Maize can be differentiated based on the composition of kernel starch into two types: normal maize and waxy maize. Starch of the normal maize endosperm is approximately 25% amylose and 75% amylopectin, whereas starch of the waxy maize endosperm consists of over 99% amylopectin. This study aimed to identify QTLs controlling amylose content in maize through association mapping with SSR and SNP markers and to identify candidate markers responsible for amylose content for MAS. Amylose content in Mo17 (female) and KW7 (male) was 14.4 ± 0.6 and 2.9 ± 0.6%, respectively. Moreover, the average value of amylose content for the 80 RIL population was 8.8 ± 0.7%, ranging from 2.1 to 15.9%. Based on the average value (8.8%) for the RIL population, we divided the population into two different groups: a low-amylose group and a high-amylose group.

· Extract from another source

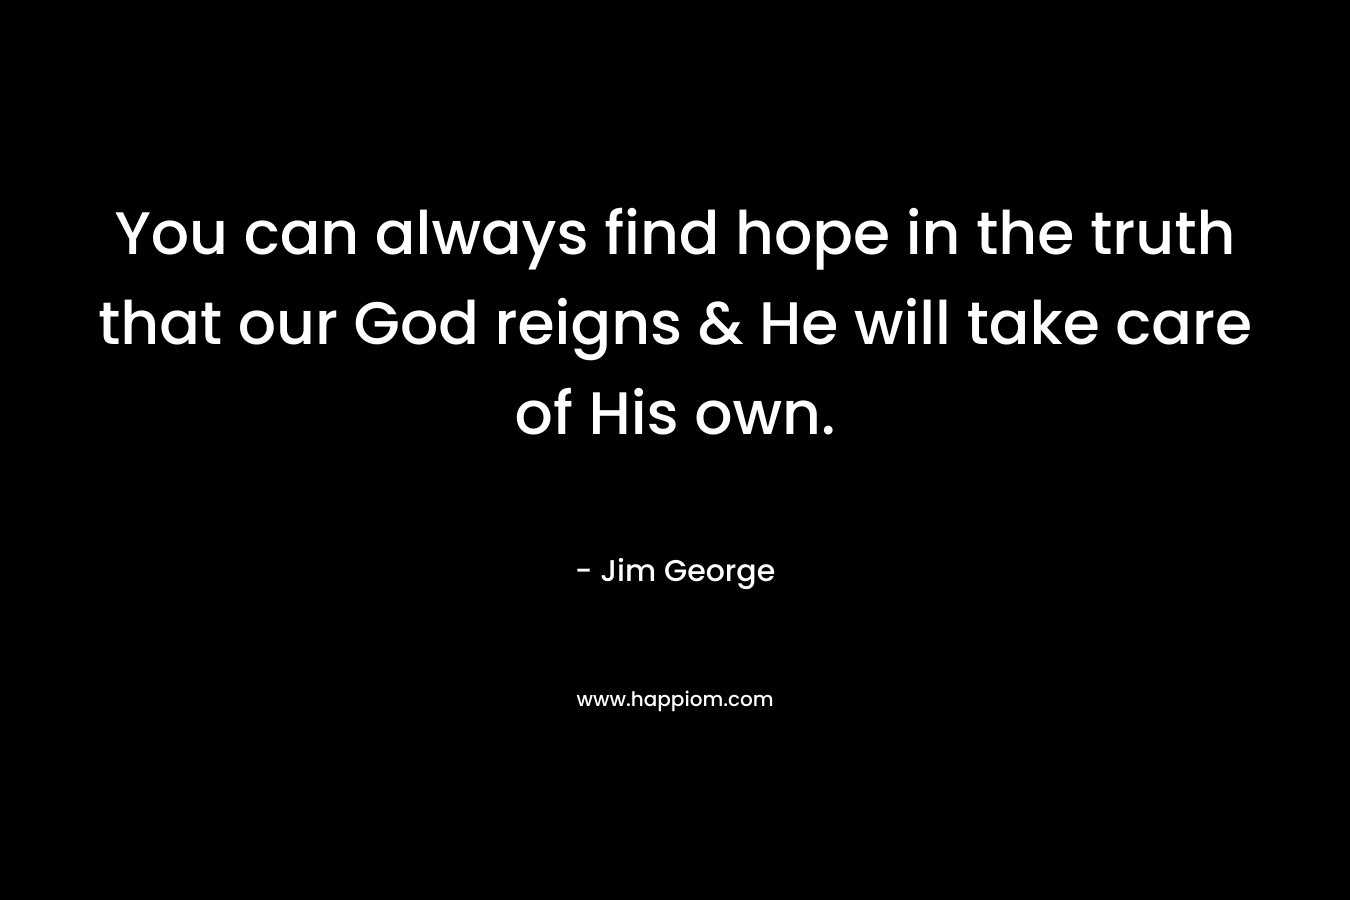 You can always find hope in the truth that our God reigns & He will take care of His own.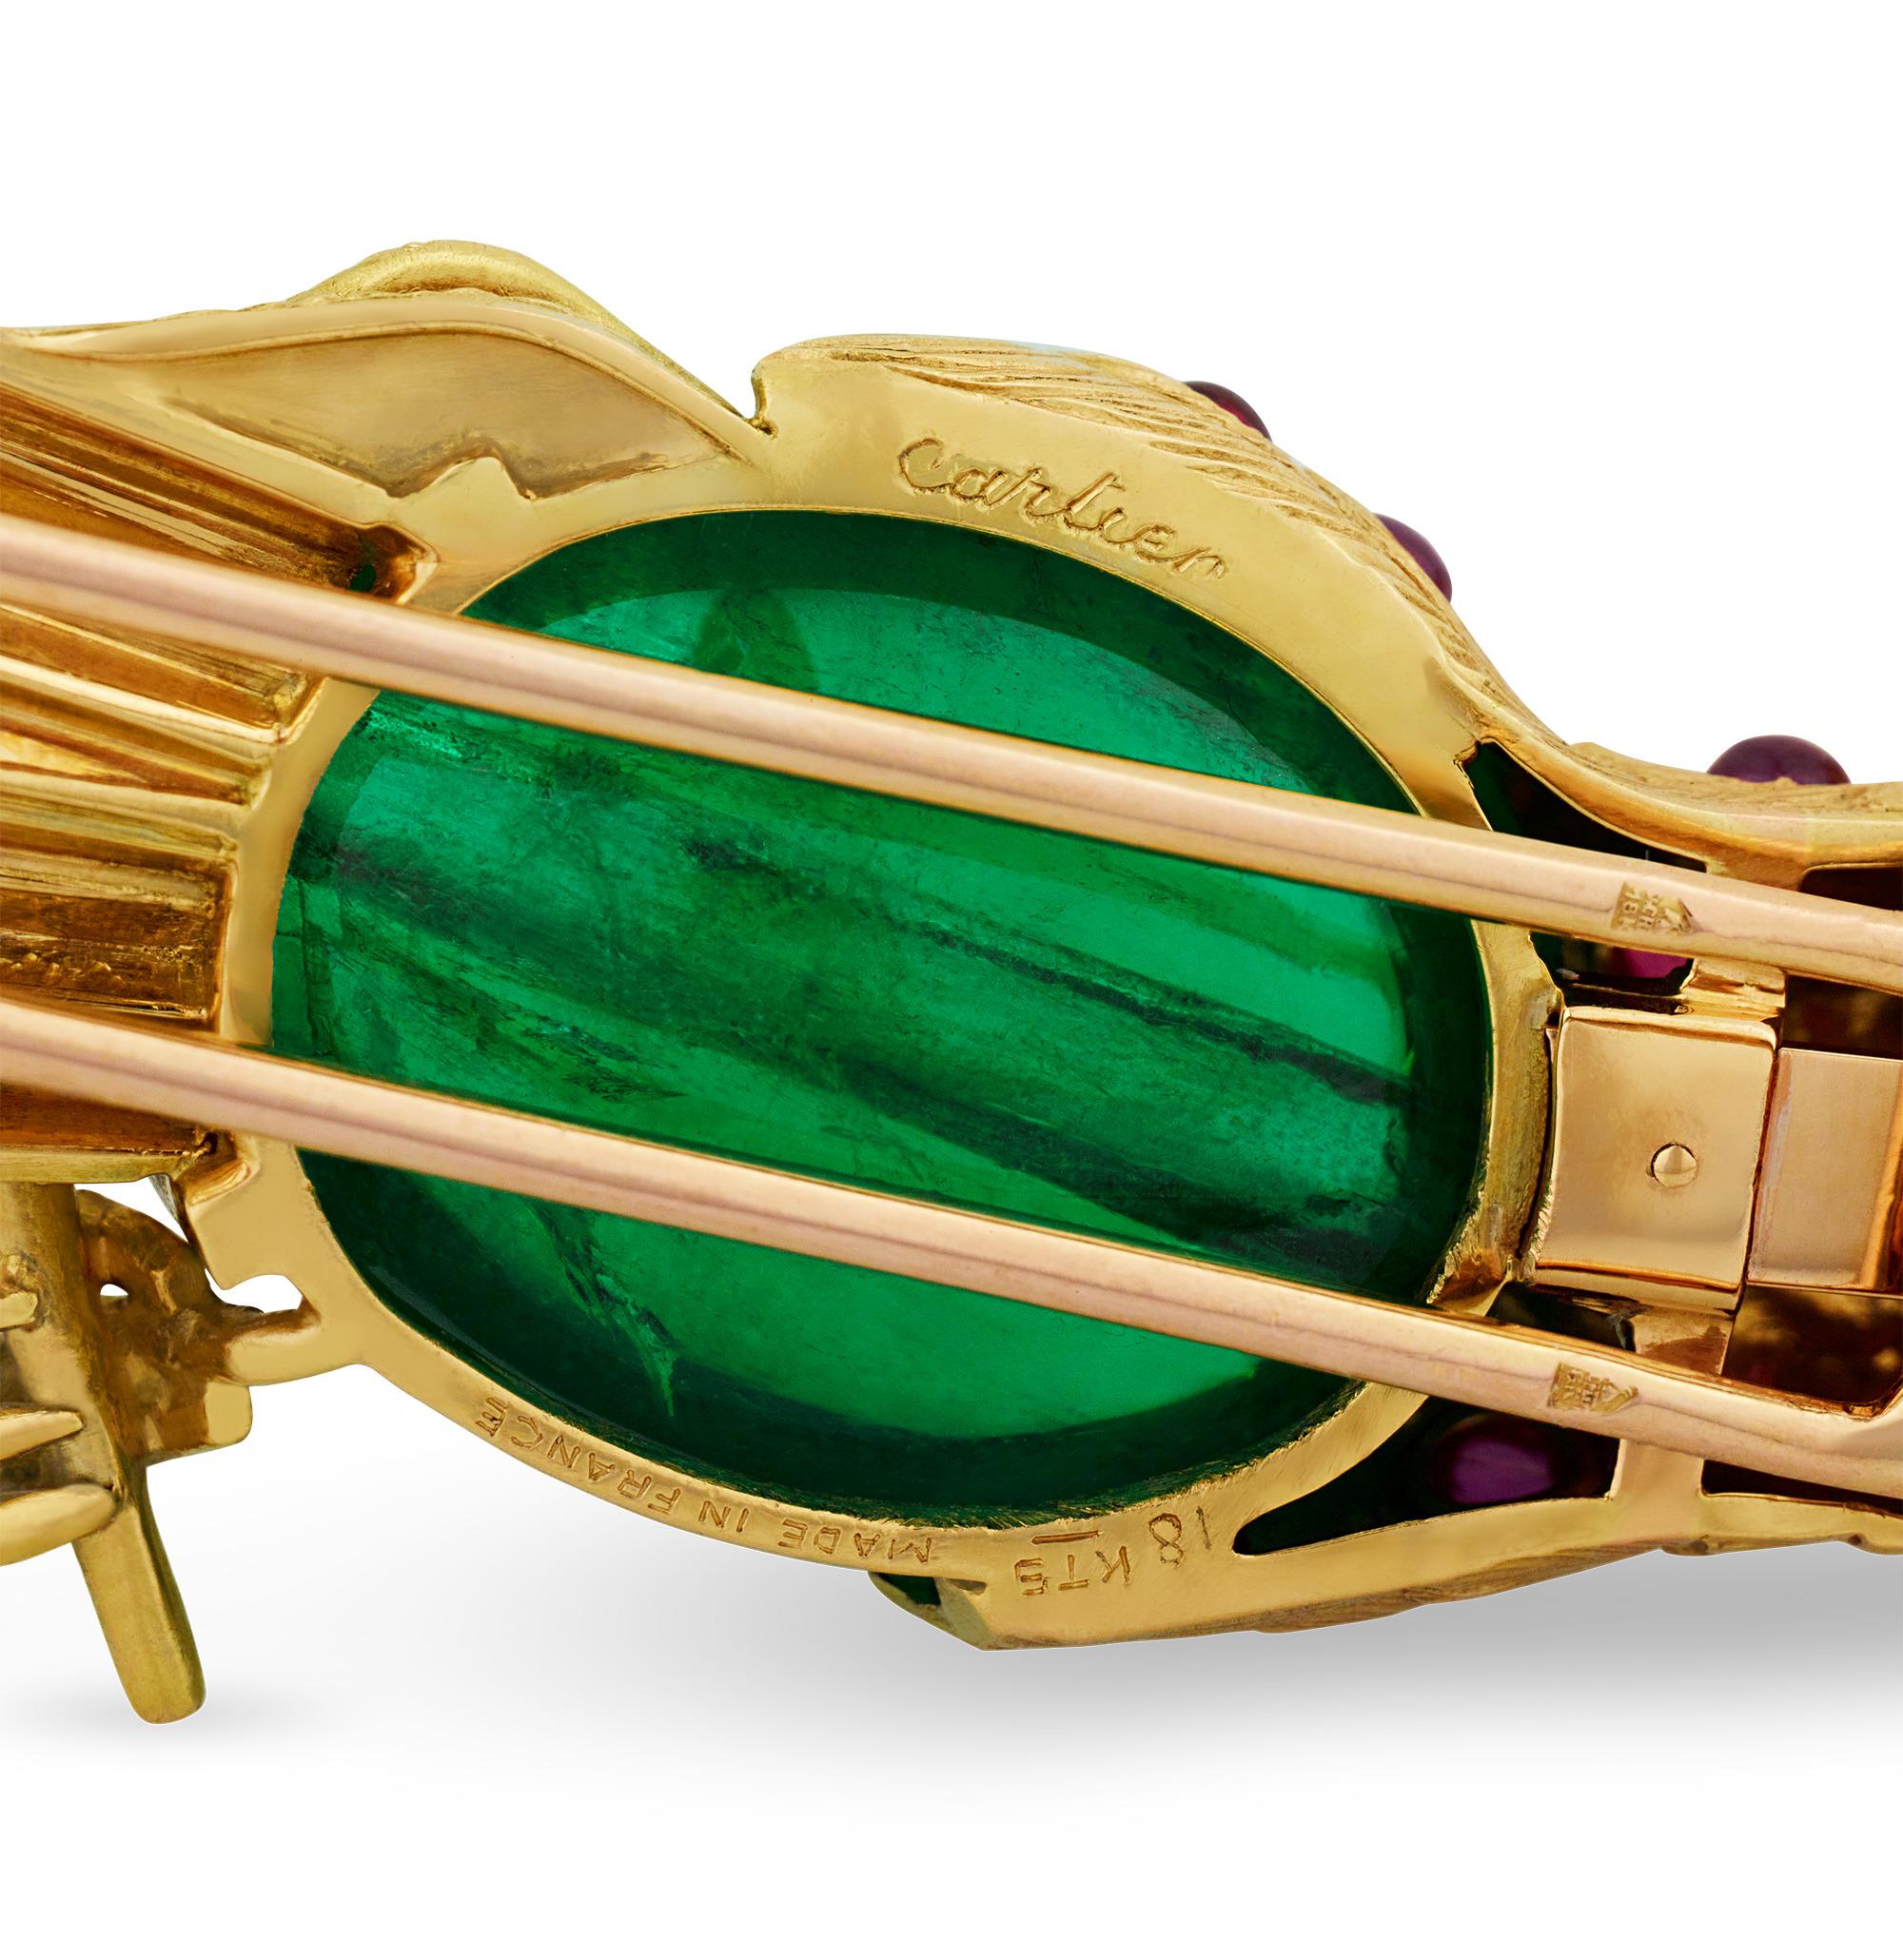 This magnificent brooch, crafted by the esteemed house of Cartier, features a bird exquisitely formed from a rare and large emerald bead certified by the Gübelin Gem Lab as Colombian in origin and measuring 26.50mm by 18.00mm, weighing approximately

A dendrogram using UPGMA was used to detect clustering patterns for the 80 RIL population with 14,968 SSR and SNP markers, and the population was found to be clustered into three major groups. We used two different analyses—Q + K and PCA + K MLMs—and all the SNP and SSR markers detected in PCA + K MLM were overlapped with markers identified by Q + K MLM. Moreover, GRMZM2G118690-encoding BBR/BPC transcription factor controls seed development and is associated with the amylose content of rice. The umc2213 at GRMZM5G830776-encoding SNARE-interacting protein (KEULE) was significant, with a higher R2 value in two different methods. SYN10618 and SYN10617 at GRMZM2G092296 were also significantly associated with amylose content. The uncharacterized marker PUT-163a-18172151-1376 is also statistically significantly associated with amylose content with high phenotypic variance. This study focused on amylose content using an RIL population derived from dent and waxy inbred lines. Future studies would be of benefit for investigating the physical linkage between starch synthesis genes using SNP and SSR markers, which would help to build a more detailed genetic map and provide new insights into gene regulation of agriculturally important traits in maize molecular breeding studies.

Author Contributions

K.J.S., H.P. and S.J.J. performed the experiment and analyzed the data. K.J.S. and J.K.L. wrote the manuscript and designed the experiments. All authors have read and agreed to the published version of the manuscript.

Funding

This study was supported by the National Research Foundation of Korea (NRF) funded by the Ministry of Education, Science and Technology (NRF-2021R1A6A1A03044242) and the Golden Seed Project (No. 213009-05-1-WT821, PJ012650012017), Ministry of Agriculture, Food, and Rural Affairs (MAFRA), Ministry of Oceans and Fisheries (MOF), Korea Forest Service (KFS), Republic of Korea.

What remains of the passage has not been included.